Die „Jugend-Kultur-Schmiede ERZ“ zeigt eindrucksvoll, wie Partizipation zur Stärkung der Demokratie beiträgt. Jetzt braucht es die nächste Phase, damit aus guten Ideen gelebte Realität wird. Denn Demokratie ohne Beteiligung? Undenkbar!

Weitere Informationen: https://ehrenamt.erzgebirgskreis.de/jugendkulturschmiedeerz

Die Entwicklungsphase des Projekts „Jugend-Kultur-Schmiede ERZ“ wurde gefördert durch das Bundesprogramm „Aller.Land – zusammen gestalten. Strukturen stärken“. Dies ist ein Förderprogramm für Kultur, Beteiligung und Demokratie. Es richtet sich an ländliche, insbesondere strukturschwache ländliche Regionen in ganz Deutschland. Gefördert wird „Aller.Land“ durch die Beauftragte der Bundesregierung für Kultur und Medien (BKM) und das Bundesministerium für Ernährung und Landwirtschaft (BMEL) sowie durch die Bundeszentrale für politische Bildung (bpb). Programmpartner ist das Bundesministerium des Innern und für Heimat (BMI). Der Bund stellt für das Förderprogramm von 2023 bis 2030 insgesamt 69,4 Millionen Euro aus dem Bundesprogramm Ländliche Entwicklung und Regionale Wertschöpfung (BULEplus) sowie aus Mitteln der bpb zur Verfügung. Umgesetzt wird es vom Programmbüro Aller.Land (Projekteure bakv gGmbH).

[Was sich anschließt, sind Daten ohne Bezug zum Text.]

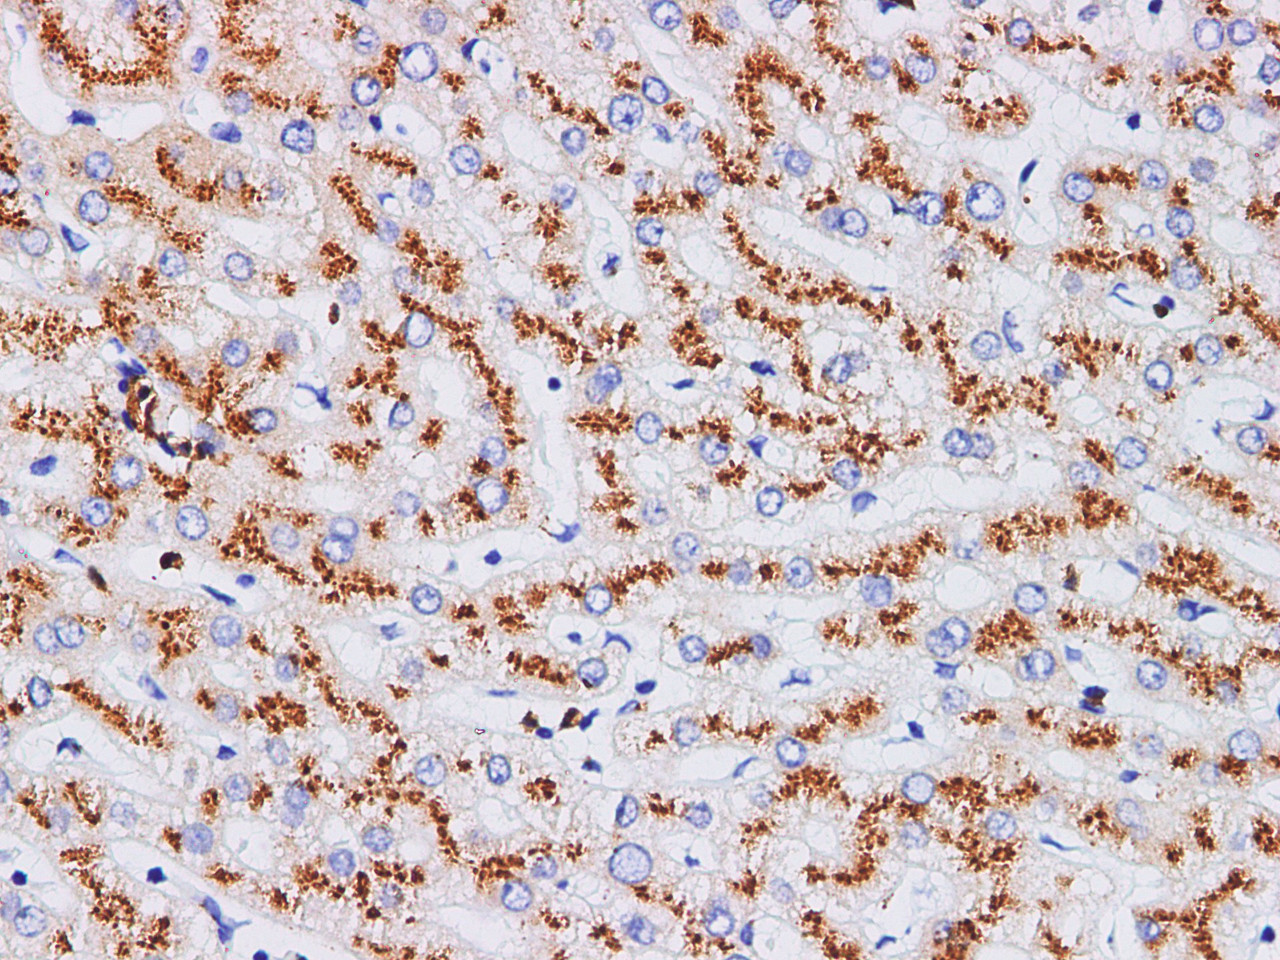 https://file.elabscience.com//image/antibody/EA/E-AB-40311-IHC04.jpg

Denise Rehm ist Mitarbeiterin der Fachstelle Ehrenamt. Die Fachstelle Ehrenamt im Erzgebirgskreis berät und unterstützt Engagierte sowie Vereine bei Förderungen, Weiterbildung, Öffentlichkeitsarbeit und Anerkennung. Zudem vermitteln wir Einsatzstellen, vernetzen Akteure und initiieren gezielt Projekte zur Stärkung des Ehrenamts und der Kinder- und Jugendbeteiligung.